“Learning the N'ko script enables me to read and write in my mother tongue,” exclaimed Ahmad M. Cęęsay (ߊߤߑߡߊߘ ߛߌ߬ߛߋ߫), a Mandinka speaker in Sukuta Nema, Western Division, The Gambia. “This has been our dream long before I came to know about the existence of the N'ko script that was invented by Professor Sulaymani Kante of Guinea Conakry,” the poultry farmer continued.

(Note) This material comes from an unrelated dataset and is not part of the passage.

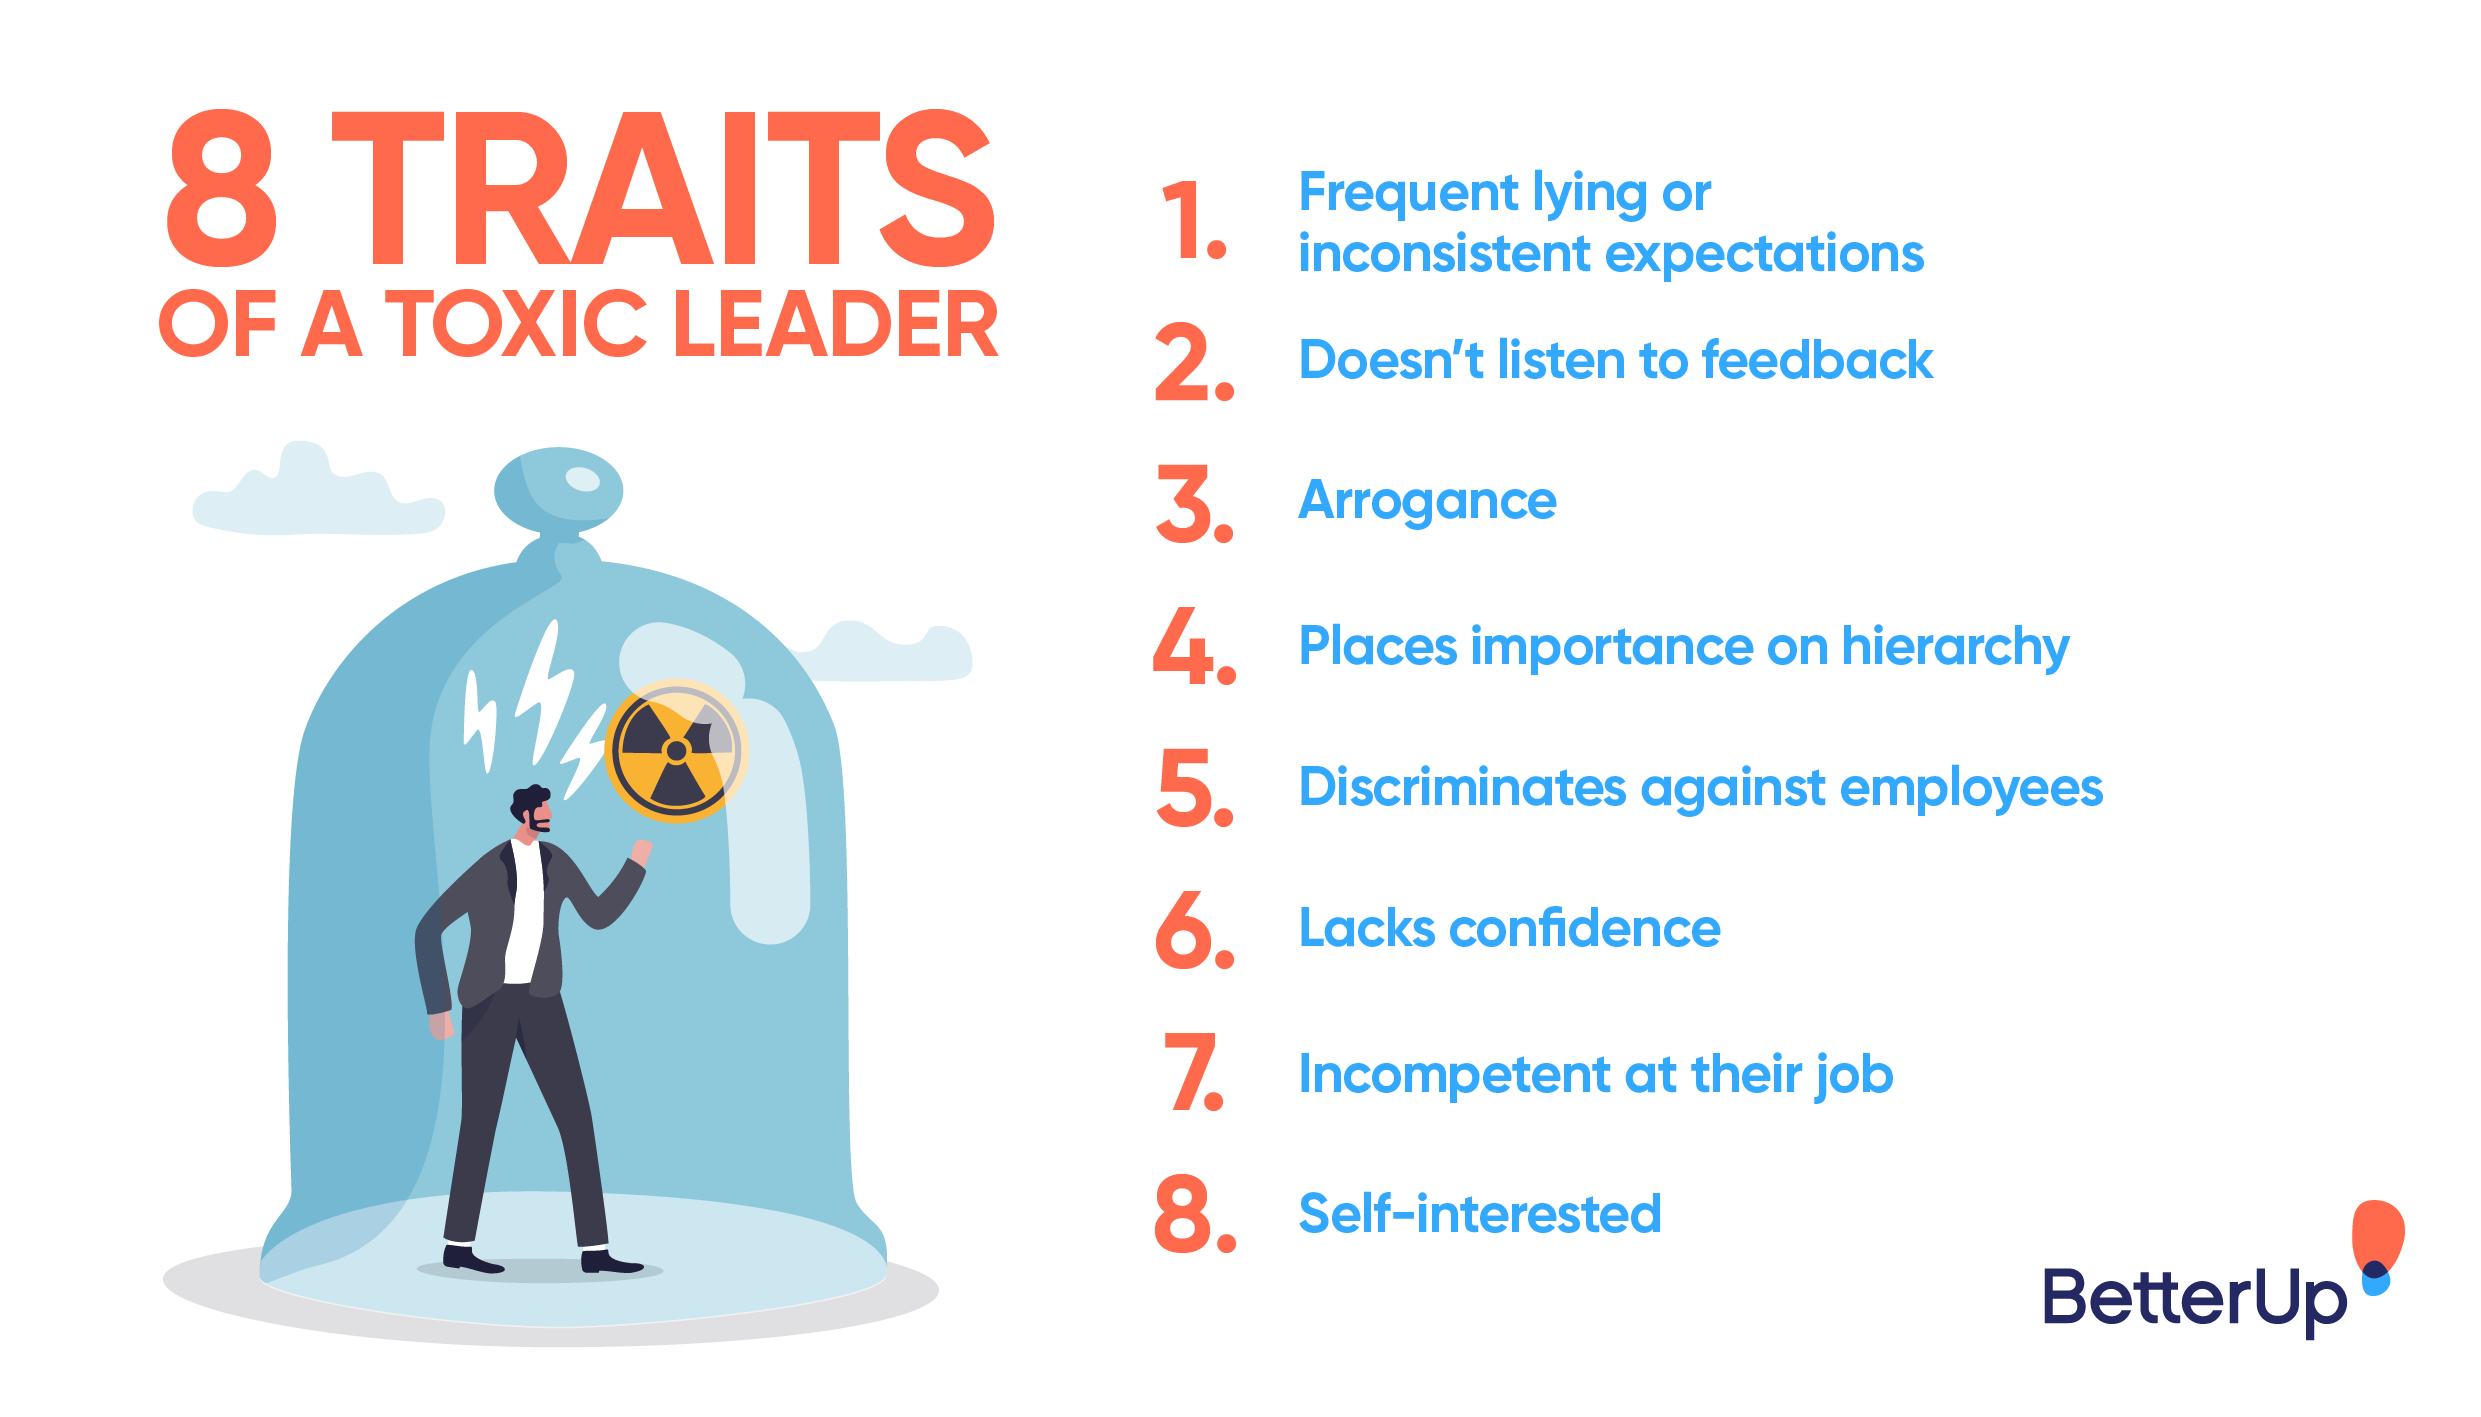 toxic-leader-traits-toxic-leadership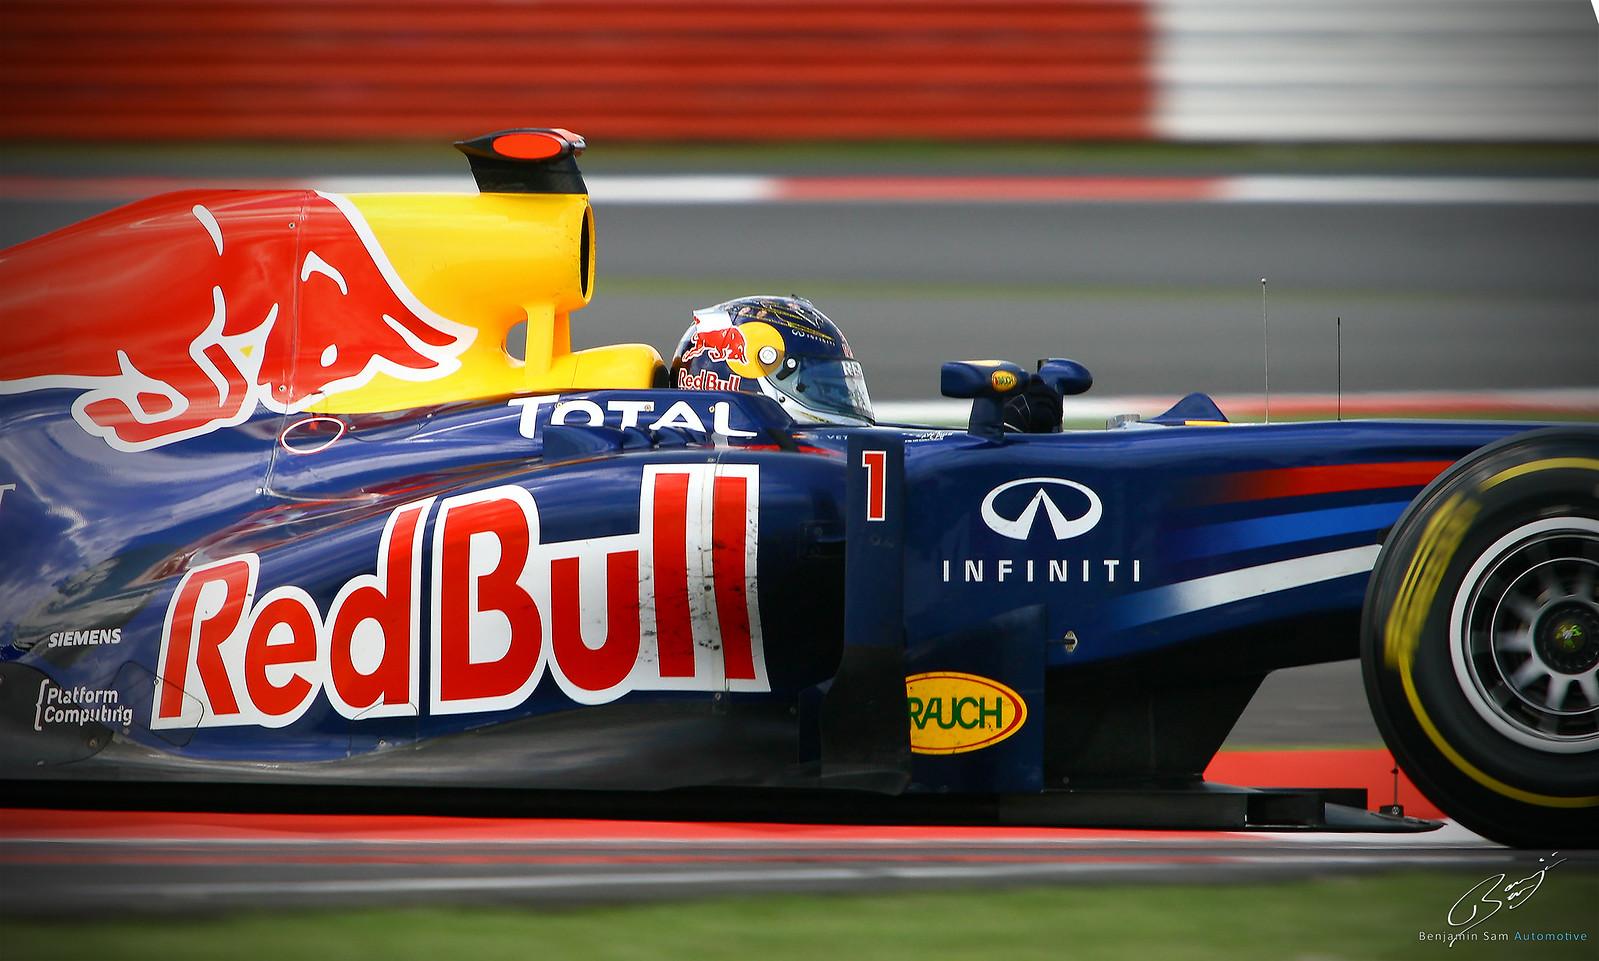 Sebastian Vettel - Redbull - Silverstone 2011

Kante (1922 – November 23, 1987) is best known as the inventor of the N'ko alphabet for the Manding family of languages. There are many dialects of Manding. The best-known are: Bambara, the most widely spoken language in Mali; Mandinka, the main language of The Gambia; Maninka, or Malinké, a major language of Guinea and Mali; and Jula, a trade language of the northern Ivory Coast and western Burkina Faso.
Related Quote
“Speak your native language to your children or watch it die within the next 20 years. Looking down on your relatives who speak your native tongue because you speak perfect English is stupid. It is like being proud of borrowed clothes.”
-Unknown
Quranic students, according to Cultures of West Africa, often start their recitations with the word N'ko. This was also a reference to a historic speech that Sundiata Keita, Mali’s Emperor, delivered to his army in 1236, when he said: “I am speaking to you, valiant men, to all those who say N'ko, and those who don’t.” The phrase "N'ko" means "I say" in all Manding languages.
“Some of our terms and pronunciation defer but we generally understand one another,” explained Ceesay, founder and manager at Fansoto Farm. Ceesay produces chickens, eggs, and papaya fruits in a village south of Banjul, the capitol city of The Gambia, a country where more than 30 percent of the people identify as Mandinka and many more speak the language.
The professor created N'ko in 1949 after five years of experimentation with various writing systems. He acted in response to beliefs that Africans were a "cultureless people," - - a belief that prompted other Africans around the world to invent an African response to White supremacy including American Carter G. Woodson, Haitian Joseph Anténor Firmin, and Canadian Rosemary Sadlier.